This article pertains specifically to UK law and the rules of the road.

We see them all the time; people driving along with a GPS, mobile phone and dashcam, all attached to their windscreen like a lo-tech Starship Enterprise! But few people realise that just one device positioned in the wrong place can land them in hot water, and this is especially true for commercial drivers where good visibility is a much more critical issue.

The UK highway code states that “windscreens and windows MUST be kept clean and free from obstructions to vision”. That’s seems like a pretty clear statement. You must not place anything on the windows or windscreens that obscures your view. In fact the Department For Transport created an information sheet that outlined exactly where items should and should not be placed. This was then turned into an image as follows:

Despite this guidance, the use of devices stuck to windscreens is pervasive. So, you should be aware that if you are involved in an accident, any contributing factors, such as items blocking your view, will be taken into consideration.

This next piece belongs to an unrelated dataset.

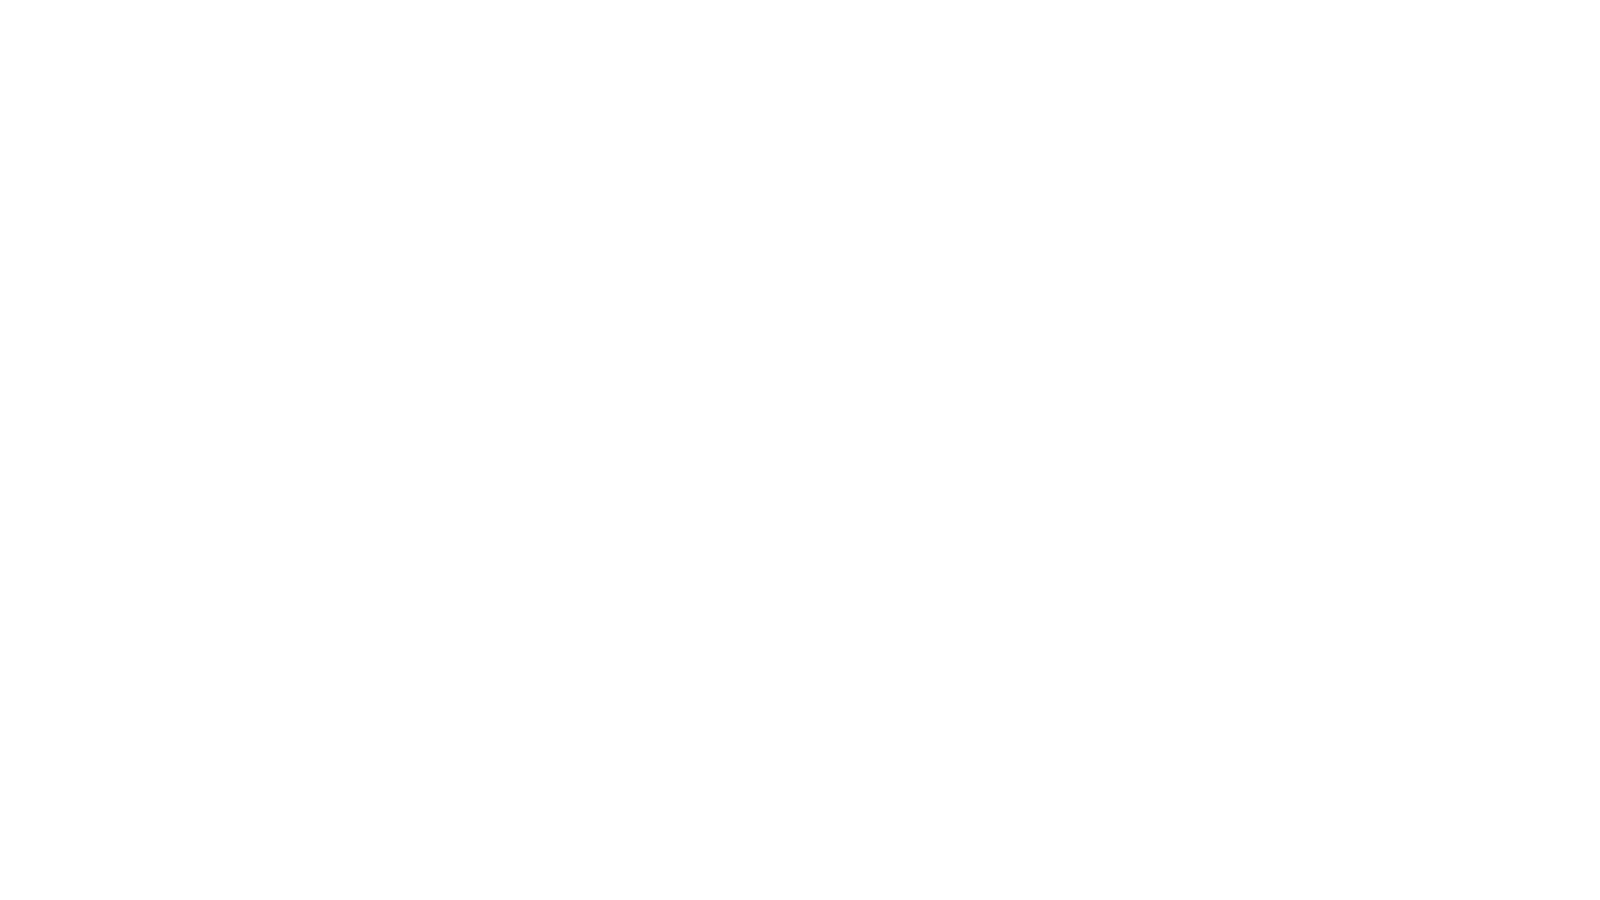 मुरादाबाद-पूर्व सीएम अखिलेश की PC में बवाल सवाल पूछने पर भड़के SP कार्यकर्ता मीडियाकर्मी से की धक्का - मुक्की धक्का - मुक्की में गिरे @News18UP रिपोर्टर गिरने से आई रिपोर्टर को चोट.

If you are a fleet owner, that means that a diligent driver will simply remove the ‘offending’ item or in the event of an incident, your company and directors could be held liable for placing equipment in such a way as to obscure the driver’s view. Neither of these scenarios is ideal.

So, What To Do?

The best advice is to avoid any obstructions. That means using mounts that attach to the dash or vents rather than the windscreen. But in the case of dashcams, they are designed to view straight out of the windscreen and their design and size means they typically cannot be placed anywhere but in a position that could be deemed to obscure the view.

This is why you should insist on commercially designed cameras for your fleet. For example, ProVision provides vehicle camera solutions where the camera is separate from the DVR. That means the camera can be very small and so can typically be fitted at the very top of the windscreen and can even be tucked in behind the rear-view mirror where one exists. This means it has a perfect view of the road, does not obstruct the driver’s view in any way and is professionally installed so there are no hanging or trailing cables.

Don’t Take The Risk

With so many other advantages of professional systems designed for commercial use, why take the risk of using a basic vehicle camera product? Compliance is a major factor in clearing your company of wrongdoing in the event of an accident and the focus on Direct Vision initiatives also means that anything which obscures the drivers view will be very much frowned upon by the authorities and the police.

This is the fourth in a series of articles about vehicle cameras and the law, however, should you have any concerns or questions about the implementation or use of vehicle cameras, we would suggest you consult with your solicitor. If you would like to discuss your vehicle camera needs, be sure to contact us as we’ll be delighted to answer your questions and provide our expert advice on the various options.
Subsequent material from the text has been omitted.